### What the task requires
Please return the listing below exactly, without any of its pictures.

### Supplied material
------------------------------------------------

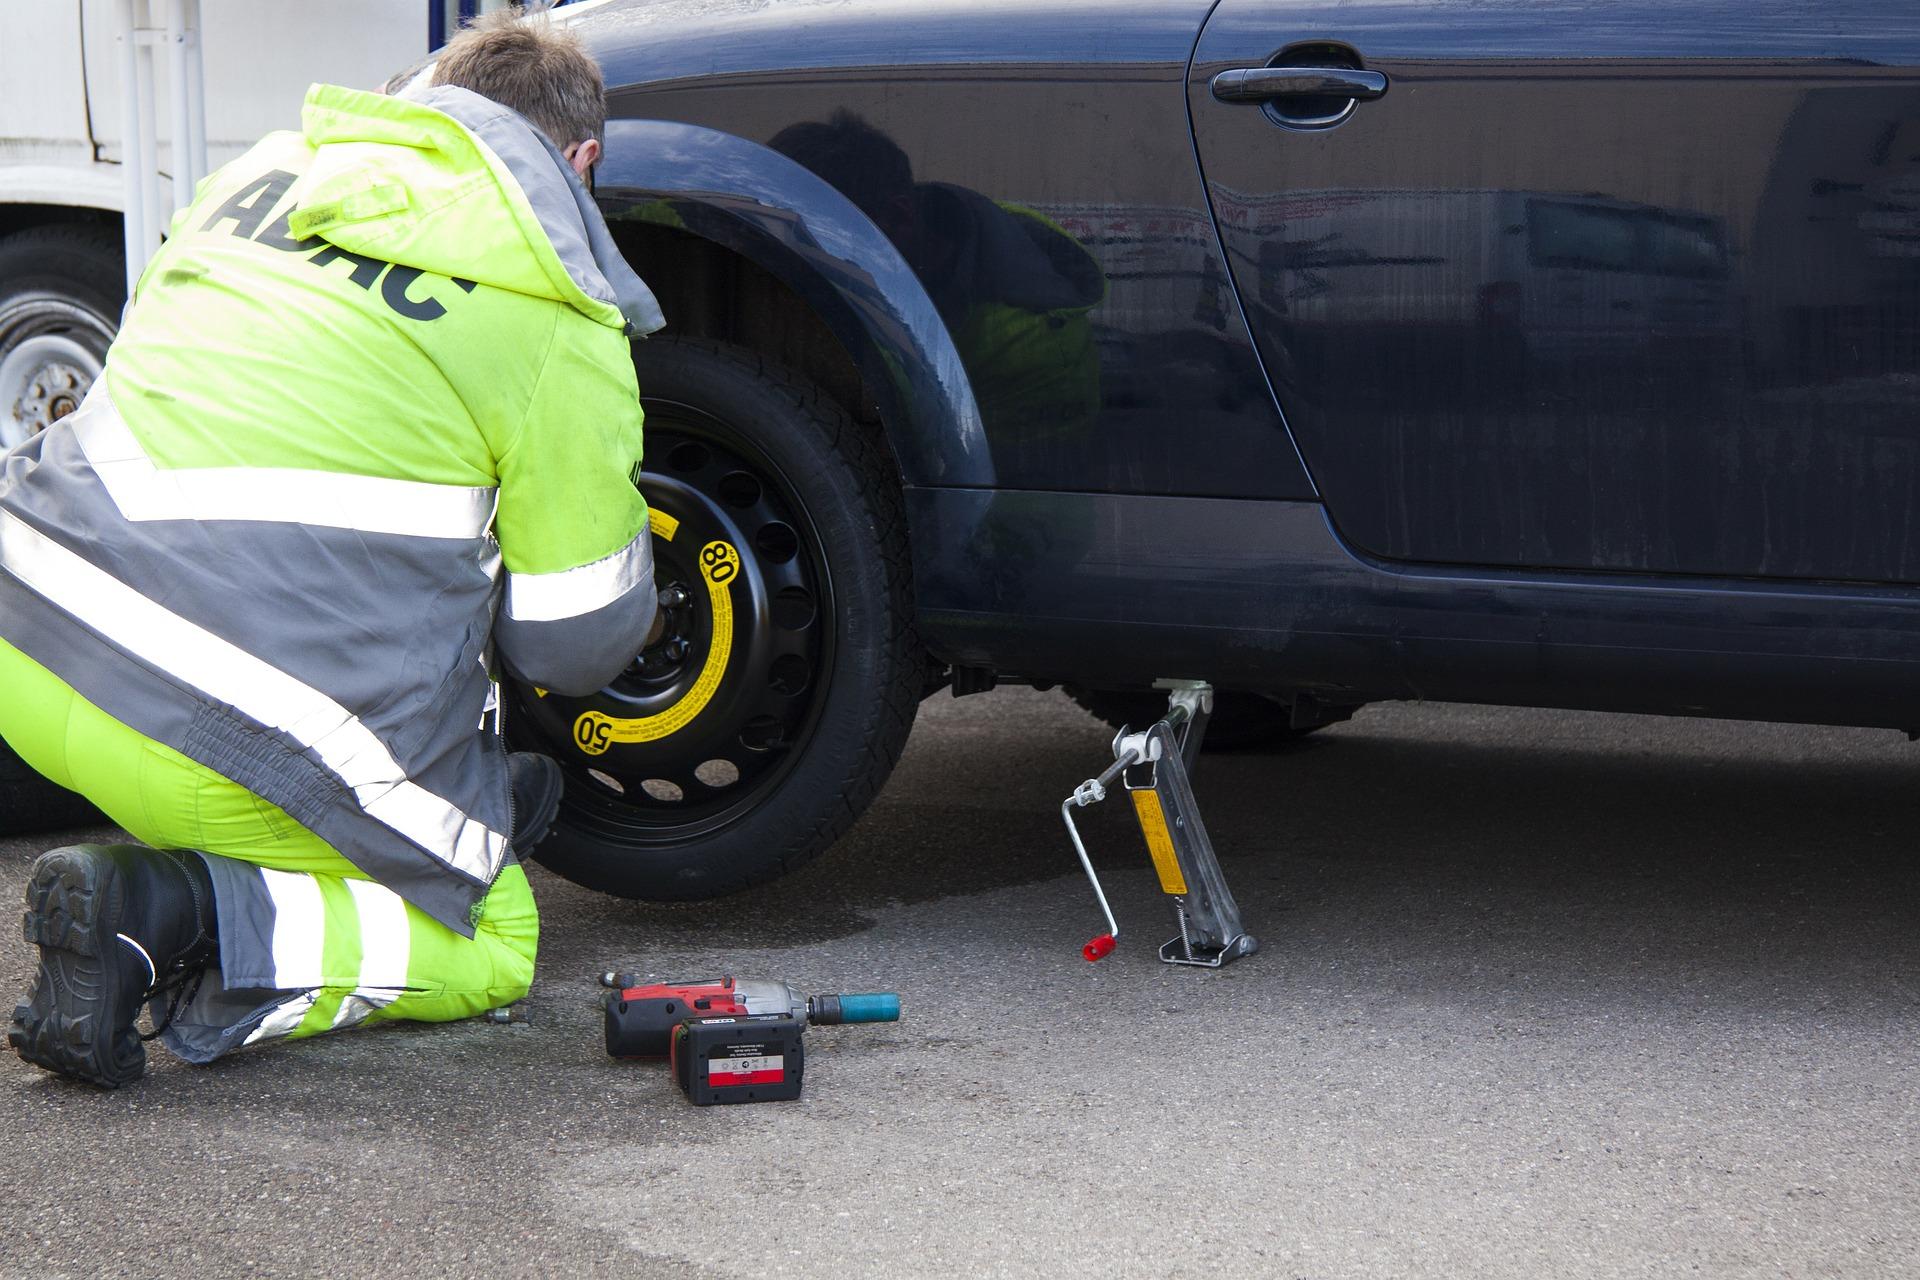 flat-tire-76563_1920.jpg
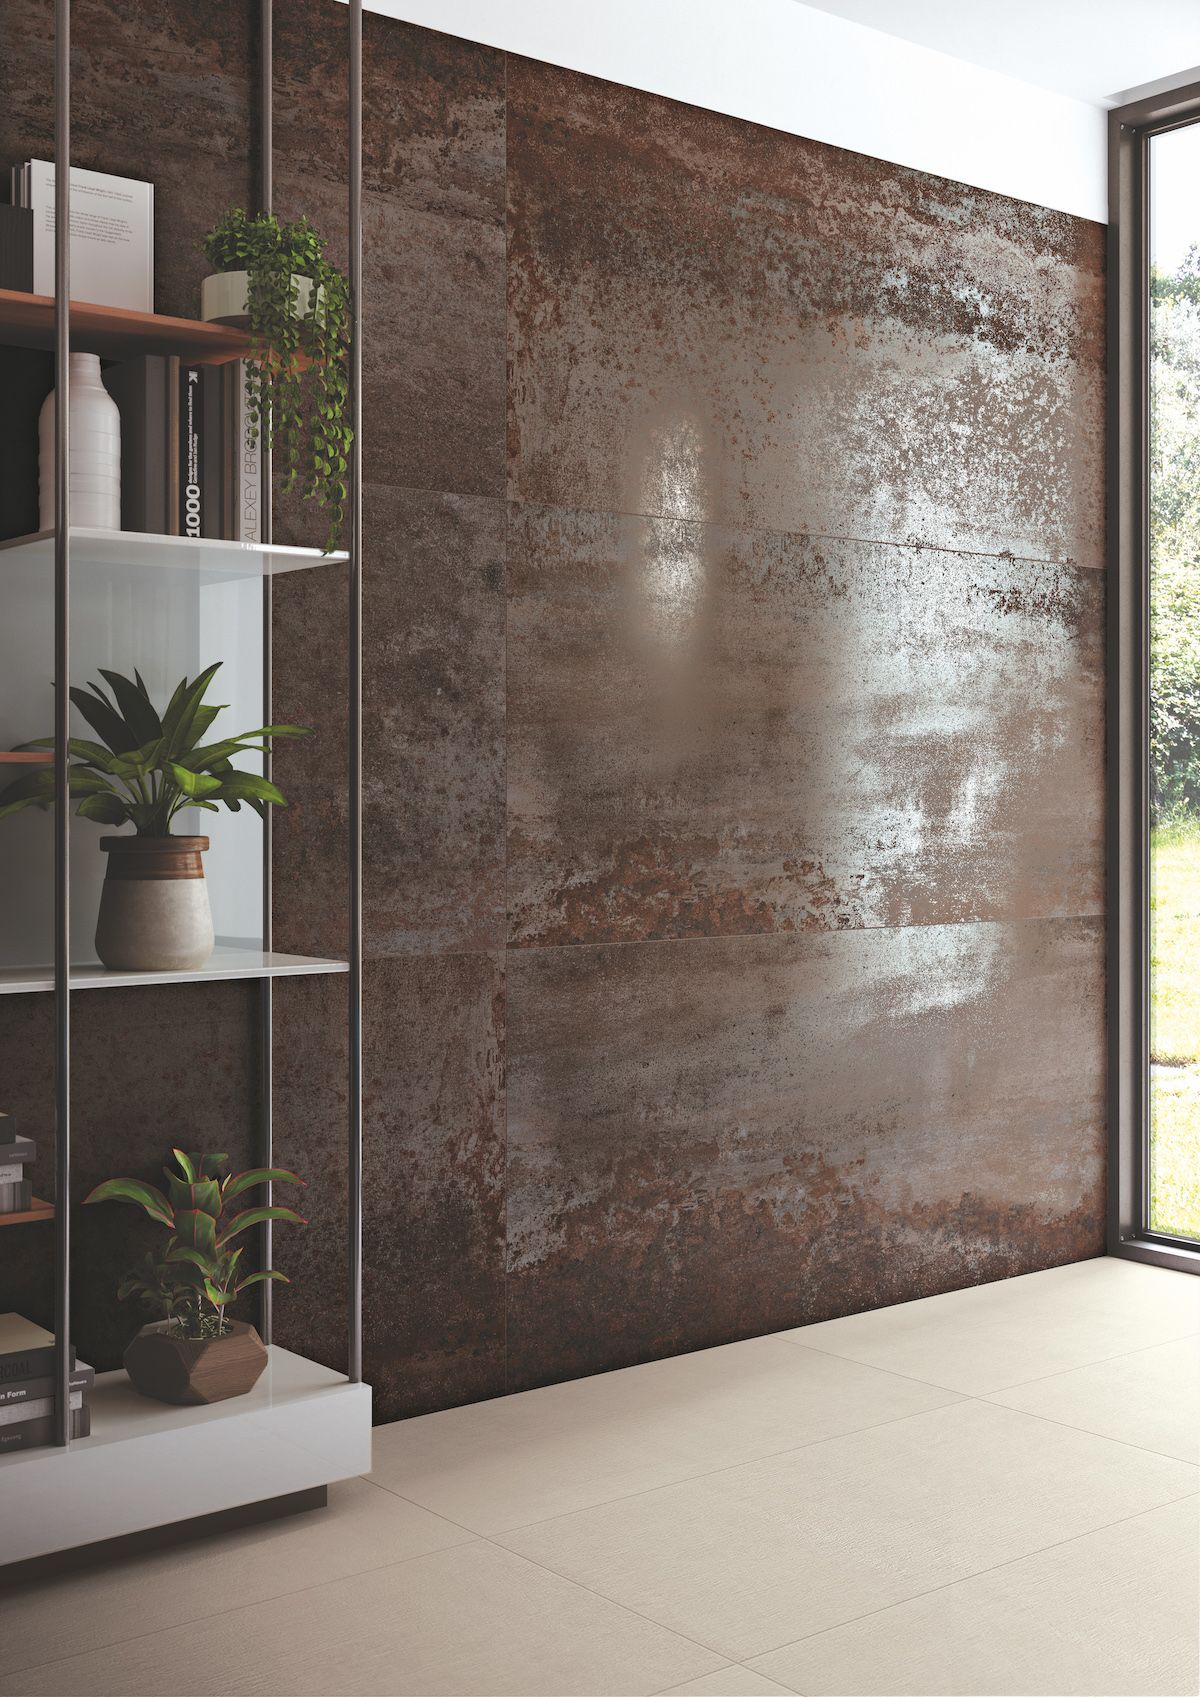 carrelage sol mur costruire metallo
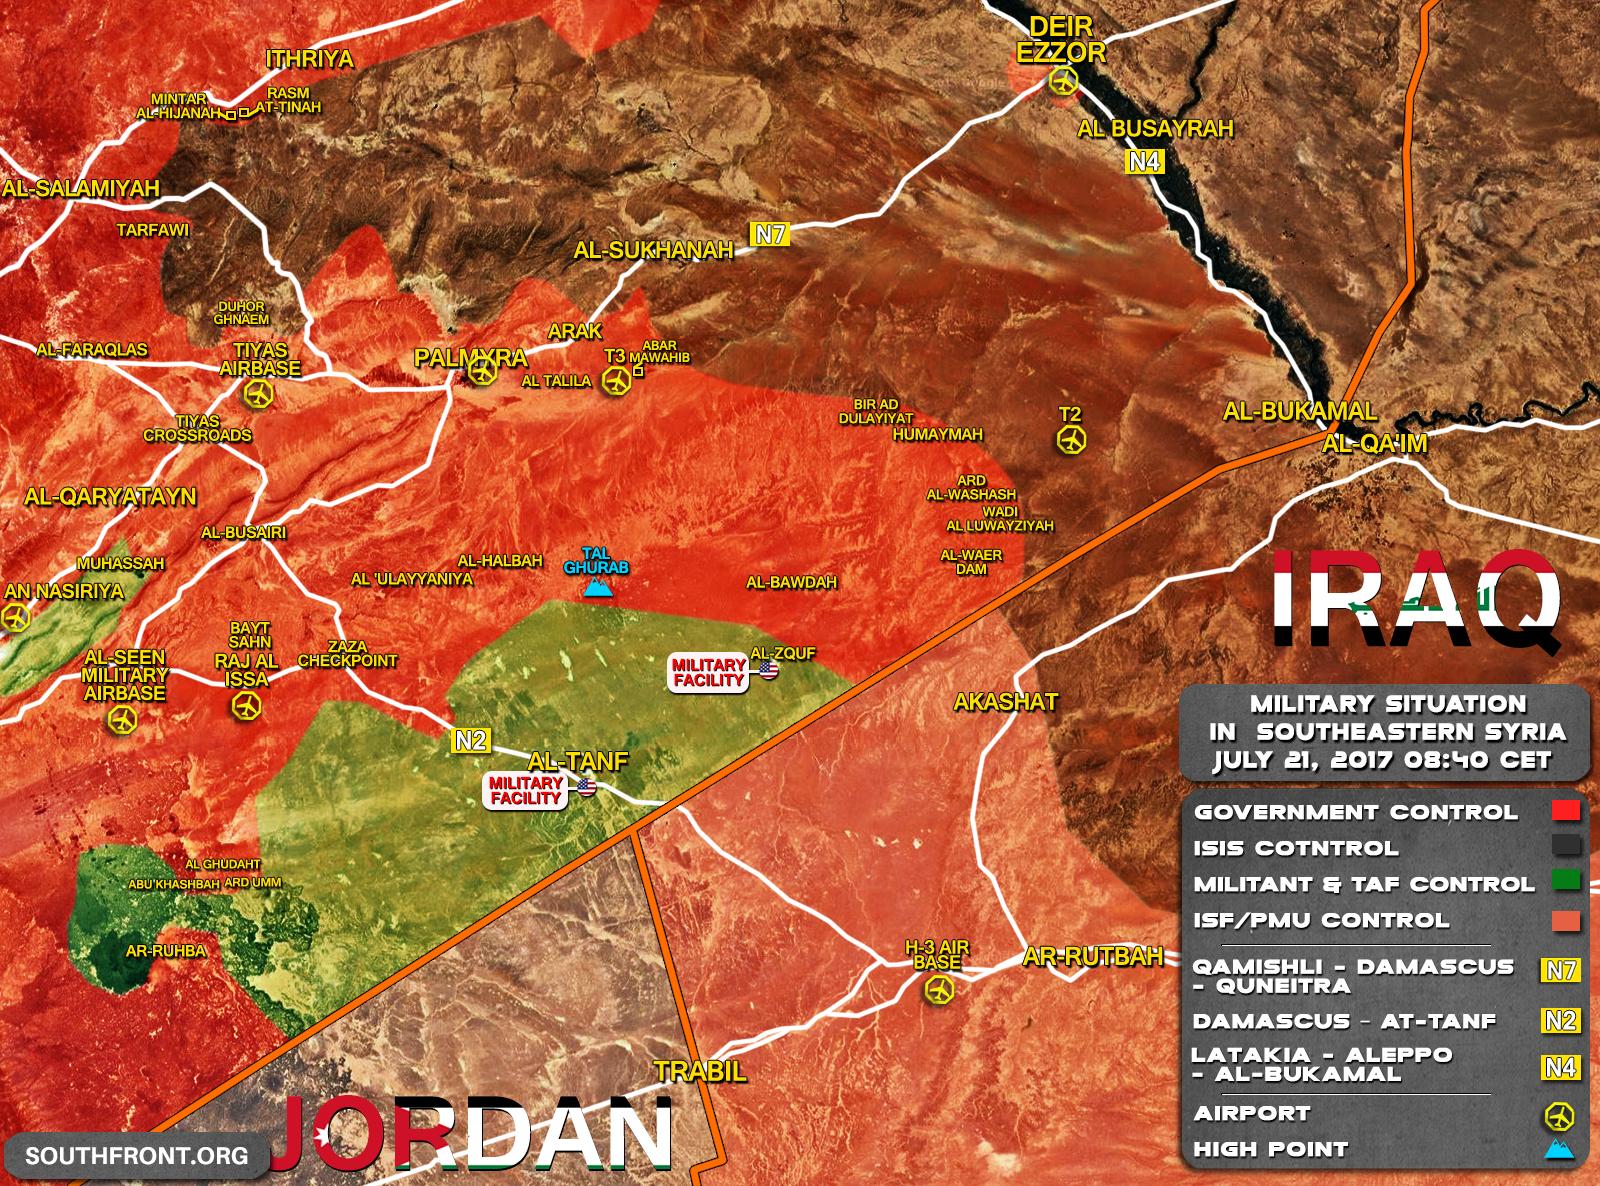 BREAKING - [BIZTPOL] Szíria és Irak - 6. - Page 18 21july_08_40_Southeastern_Syria_War_Map
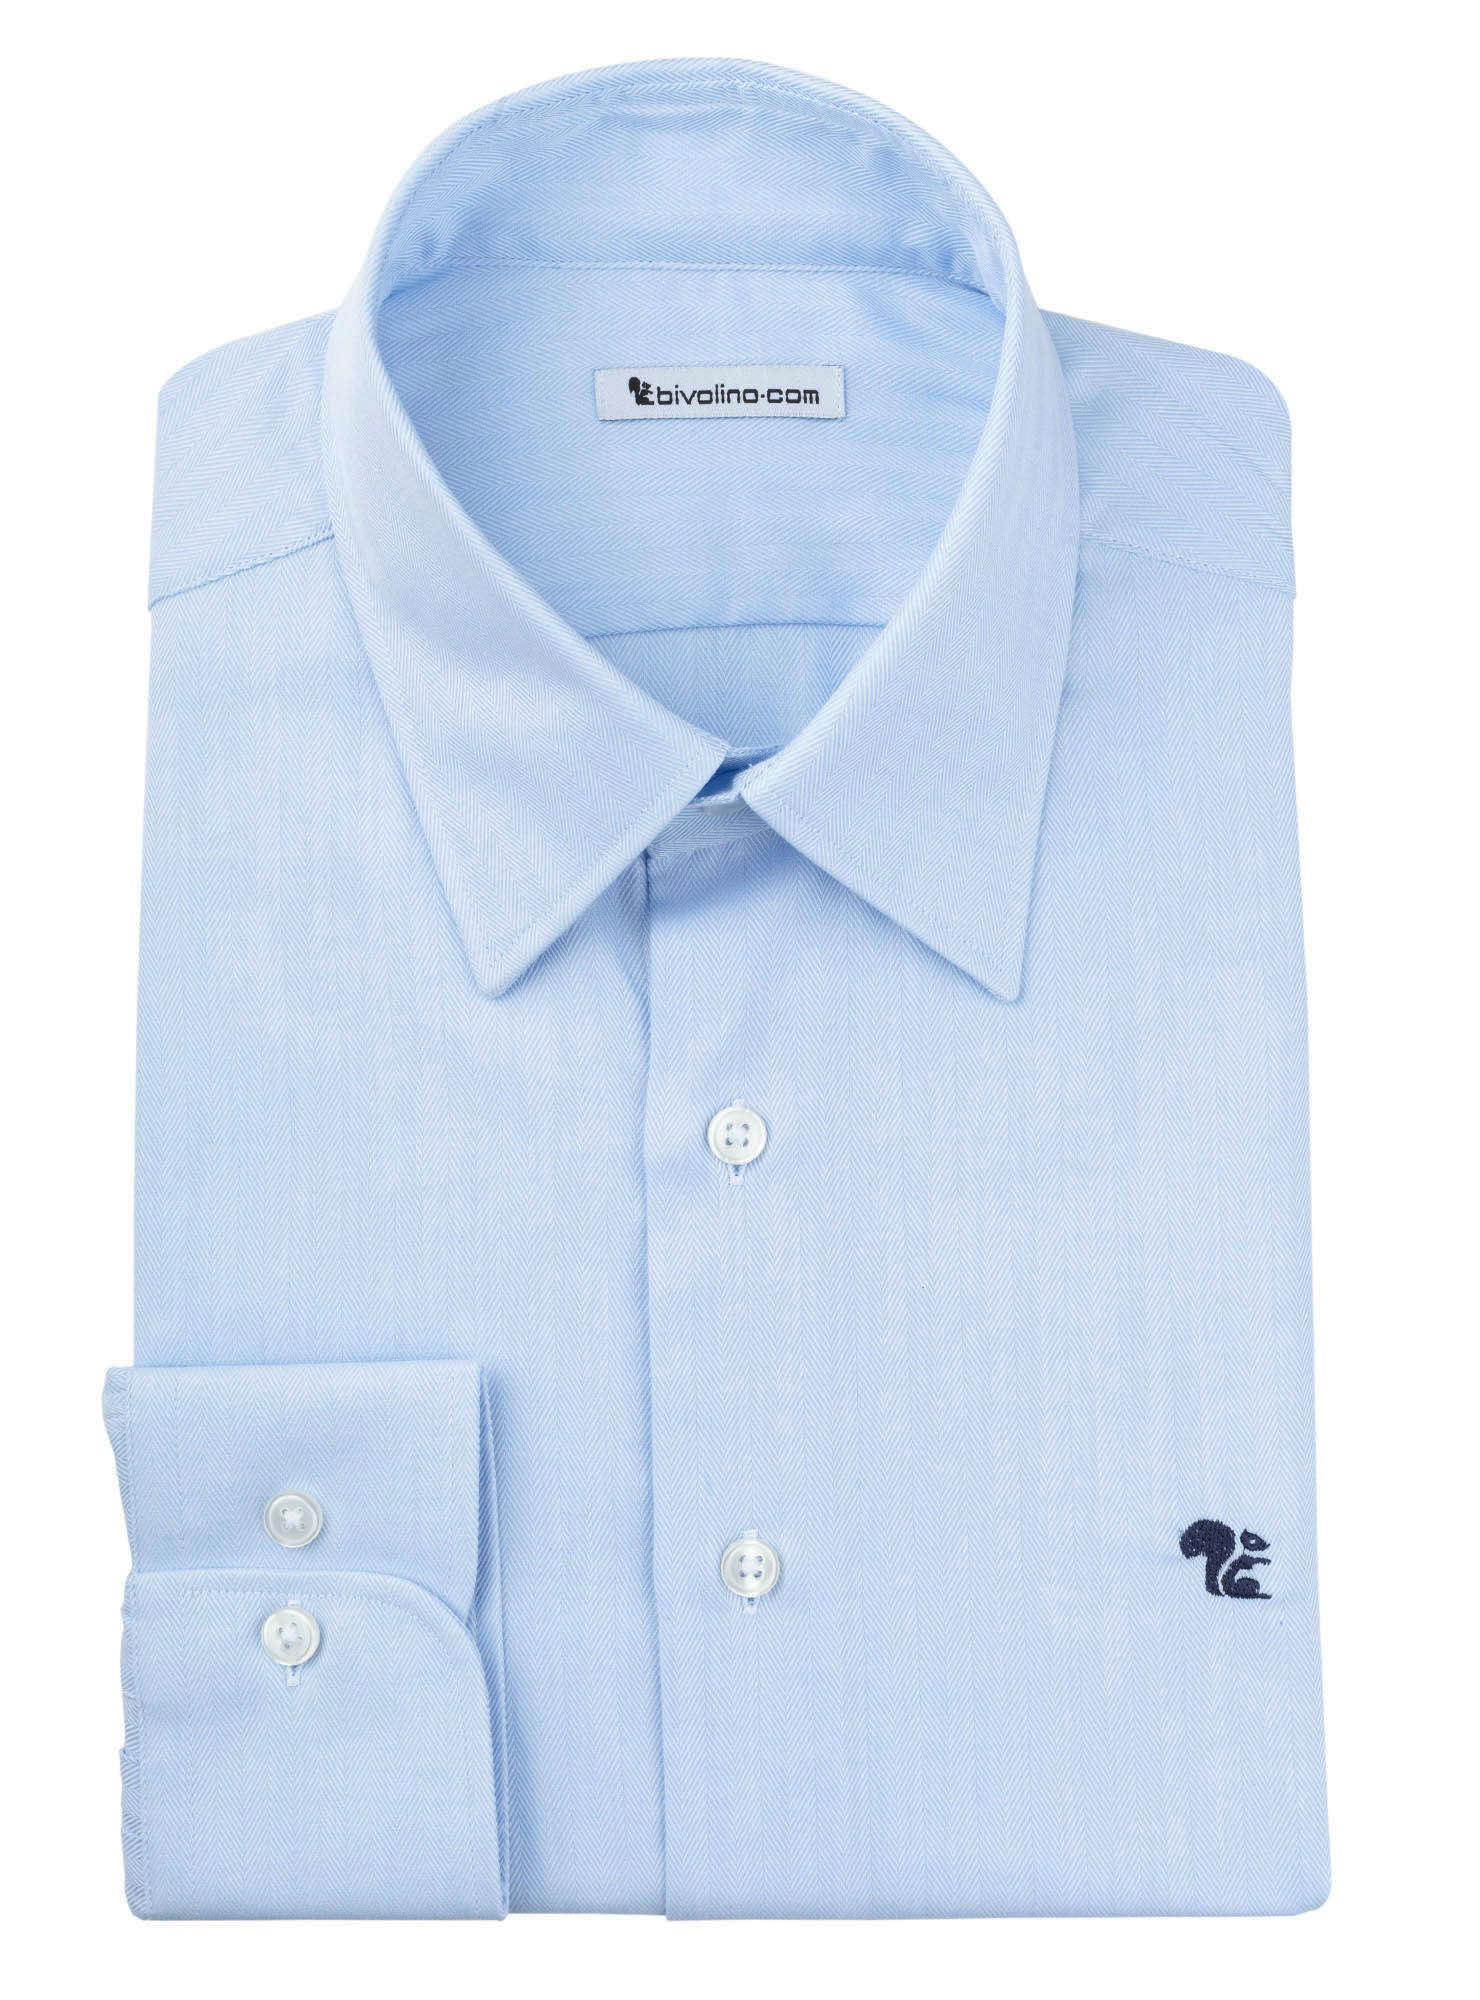 NOVARA - Visgraat overhemd  - Calvo 2 Malvern

------------------------------------------------

### Answer box
 flat-tire-76563_1920.jpg
 carrelage sol mur costruire metallo
 BREAKING - [BIZTPOL] Szíria és Irak - 6. - Page 18 21july_08_40_Southeastern_Syria_War_Map
 NOVARA - Visgraat overhemd  - Calvo 2 Malvern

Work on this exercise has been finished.